Pubblicato il 15-09-2018


provenzano

Siciliano e appassionato meridionalista, vicedirettore dello Svimez e membro della direzione del PD, Giuseppe “Peppe” Provenzano analizza le sfide del futuro con la competenza e il metodo di chi conosce bene il passato. Un rappresentante di un’idea di classe dirigente sopravvissuta, nonostante tutto, alla deriva del personalismo e dell’improvvisazione che, anche a sinistra, si è imposta nel ceto politico con la crisi dei partiti tradizionali.

Dopo aver rinunciato alla propria candidatura, lo scorso gennaio, in polemica contro le logiche con cui il PD dell’allora segretario Renzi aveva preparato le liste, Provenzano ha dato vita a Sinistra Anno Zero, un’area di dibattito e confronto che mira a ricucire la frattura “definitiva tra la sinistra e il mondo del lavoro” creatasi negli ultimi anni.

Pochi giorni fa, Matteo Renzi ha detto che ora si sono fatte troppe autocritiche ed è il momento di passare a fare l’opposizione. Condividi questa impostazione?

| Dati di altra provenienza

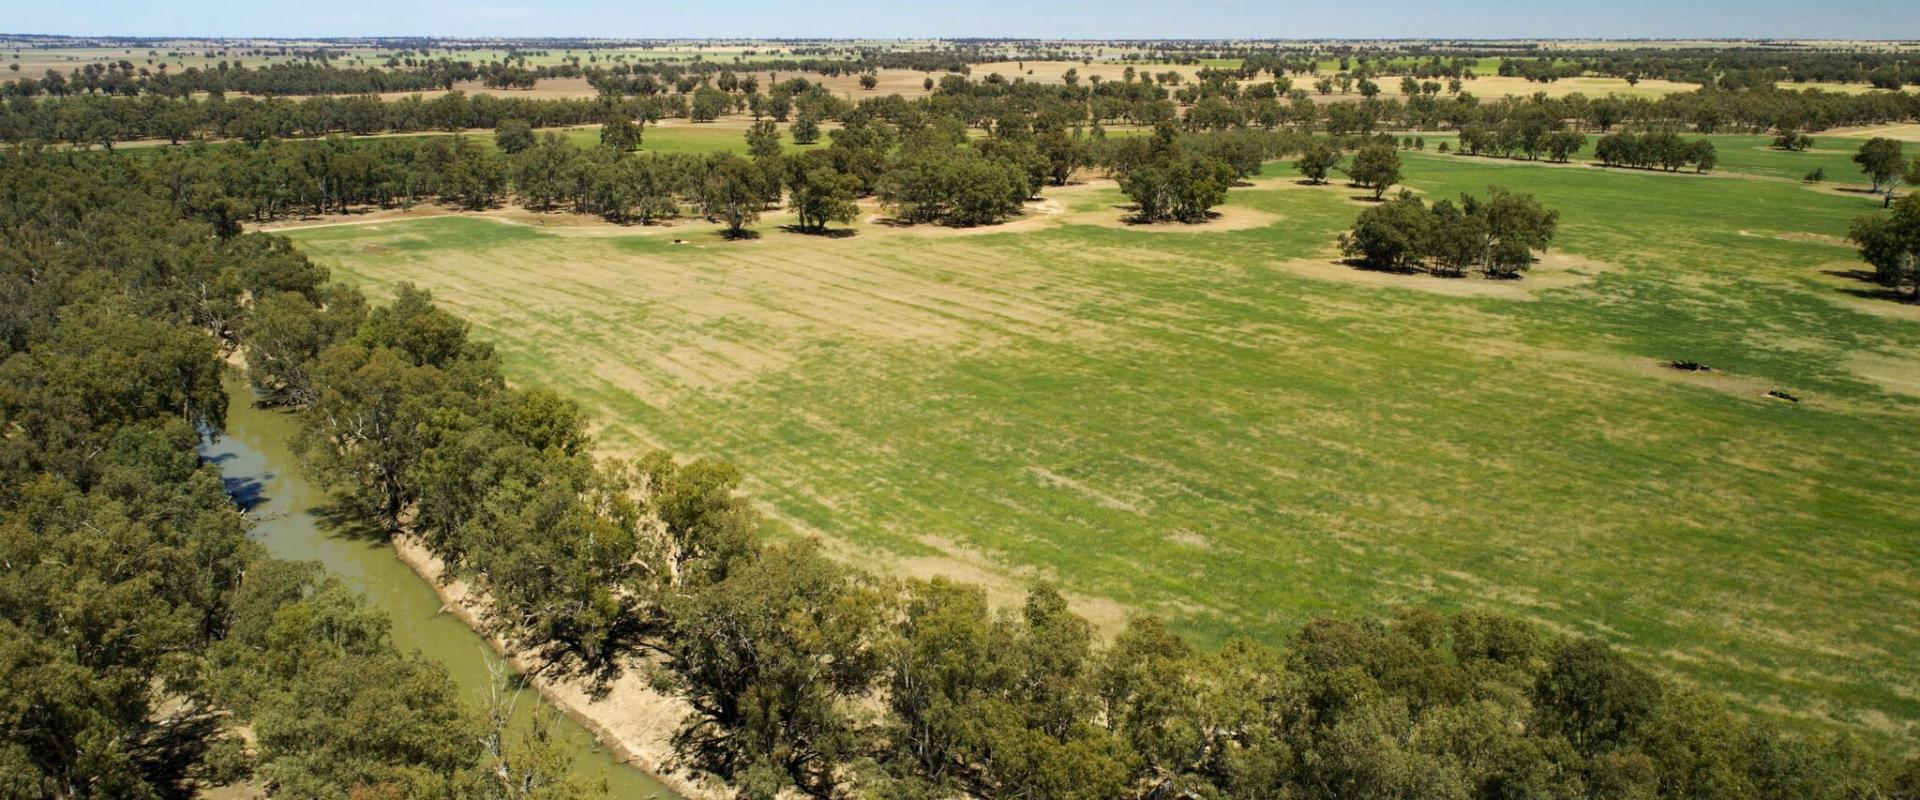 Riverina Livestockts Pty Ltd Crofts   4 Km Old Man Creek Frontage Highway Frontage Irrigation Access Licence

Per la verità, di autocritica non ne ho sentita alcuna. Penso invece che dobbiamo discutere a fondo su quello che è successo perché il 4 marzo non rappresenta solo una sconfitta elettorale. Si tratta di una vera e propria sconfitta storica: non siamo riusciti ad impedire che, nel cuore dell’Europa, perché questo è l’Italia, si affacciasse lo spettro della nuova destra. Le ragioni sono molte e vengono da lontano. Bisogna scavare a fondo. Nel momento esatto in cui esplodevano intorno a noi le più grandi diseguaglianze, e questo ci faceva scivolare nella crisi peggiore della nostra storia, noi dicevamo, alla fondazione del Pd, che non c’era più il conflitto tra capitale e lavoro, tutti uniti in nome di un’innovazione astratta come fosse un valore in sé che perdeva ogni qualificazione o connotazione sociale. Già negli anni Novanta ci siamo dimenticati che esistessero gli operai o rassegnati al fatto che potessero votare tutti la Lega. Quando il Partito Socialista con Claudio Martelli, a Rimini, nel 1982, proponeva “l’alleanza tra merito e bisogno” dicendo che la base della sinistra non potesse fermarsi alla rappresentanza del lavoro operaio e dipendente, non si era mai sognato di dire che il mondo del lavoro dipendente e gli operai non esistessero più. Negli ultimi anni, quelli del renzismo, si è compiuto un processo degenerativo, si è consumato un divorzio definitivo tra la sinistra e il mondo del lavoro, prim’ancora che per le scelte di governo, per il messaggio di fondo che abbiamo dato: per esempio che Marchionne, pace all’anima sua, fosse meglio dei sindacalisti. La sinistra non ha perso, si è persa.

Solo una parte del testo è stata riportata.